Anxiety and Time — Adam Roberts, author of By Light Alone, on science fiction at The Browser:
The common belief that SF is in some sense “about” the future isn’t wholly wrongheaded. One feature of 19th and 20th century science fiction is that it is fascinated with time in a deep way. Time only opens up, as a wholly new dimension to be imaginatively explored, at the very end of the 18th century. It’s a puzzle, actually, why this should be. [The critic] Darko Suvin thinks it has something to do with the French Revolution. But before about 1800 people almost never wrote stories set in the future, and then after 1800 lots of people did just that. SF as a mode of projecting oneself into the to-come connects powerfully with human concerns in the way that specific prophesy – pedantic, fiddly, bound to be wrong – doesn’t.

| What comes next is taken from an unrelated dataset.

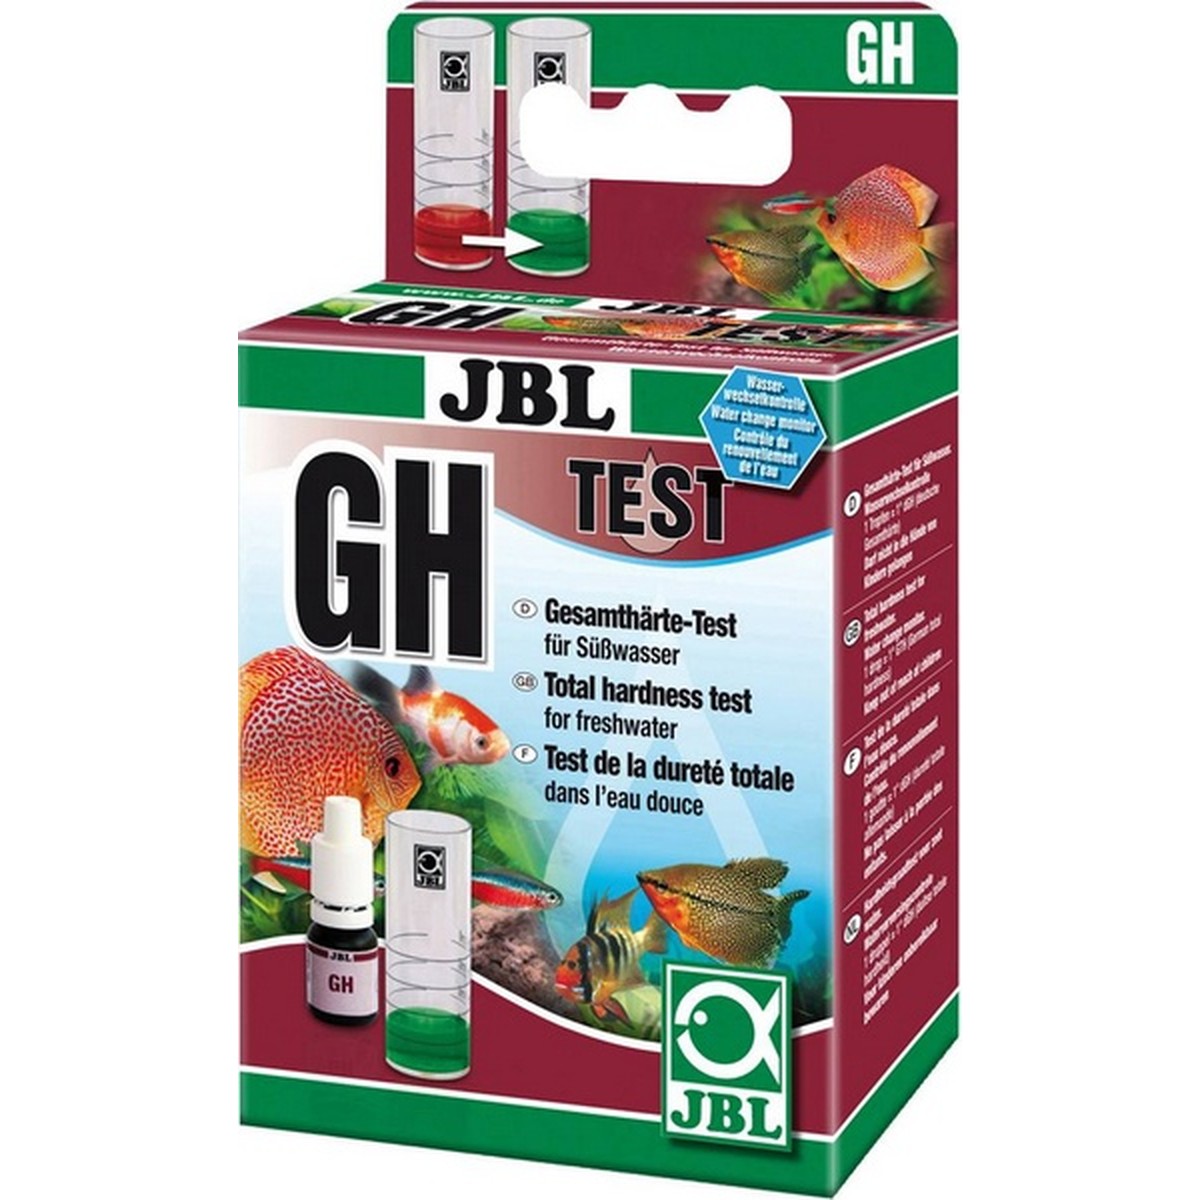   JBL GH test set D/GB/F/NL/I

Writing Machines — Tom McCarthy on technology in The Guardian:
I must belong to the only generation of writers who’ve written with all three of inkpen, typewriter and computer. It definitely matters: the technology colours not only the rhythm but the whole logic of what you write. Think of Kafka’s obsession with writing machines: the harrow that inscribes the law onto the skin in In the Penal Colony or the mysterious writing desk in Amerika: writing technologies themselves are imbued with terrifying and sacred dimensions, and become the subject, not just the medium, of the story. I used to have a beautiful old German typewriter, that you had to throw your fingers at and the keys would smash into the roller. It felt like a machine-gun or something.
And finally…
Brian Appleyard on Andy Warhol for Intelligent Life magazine:
Warhol now endorses a way of life. One simple technology—silk-screen printing—dominated his career. But it was enough to show today’s technology-laden, hyper-connected youth that they could do it too. With the instant publication of digital pictures and videos, anybody can become a cyber-Warhol, swimming in the great ocean that pop imagery has become. Apple’s Photo Booth software reduces the whole thing to a single click—just by selecting “pop art” under “effects” you can change your face into a very credible Warhol multiple self-portrait. Andy, in death, is a generation’s mentor.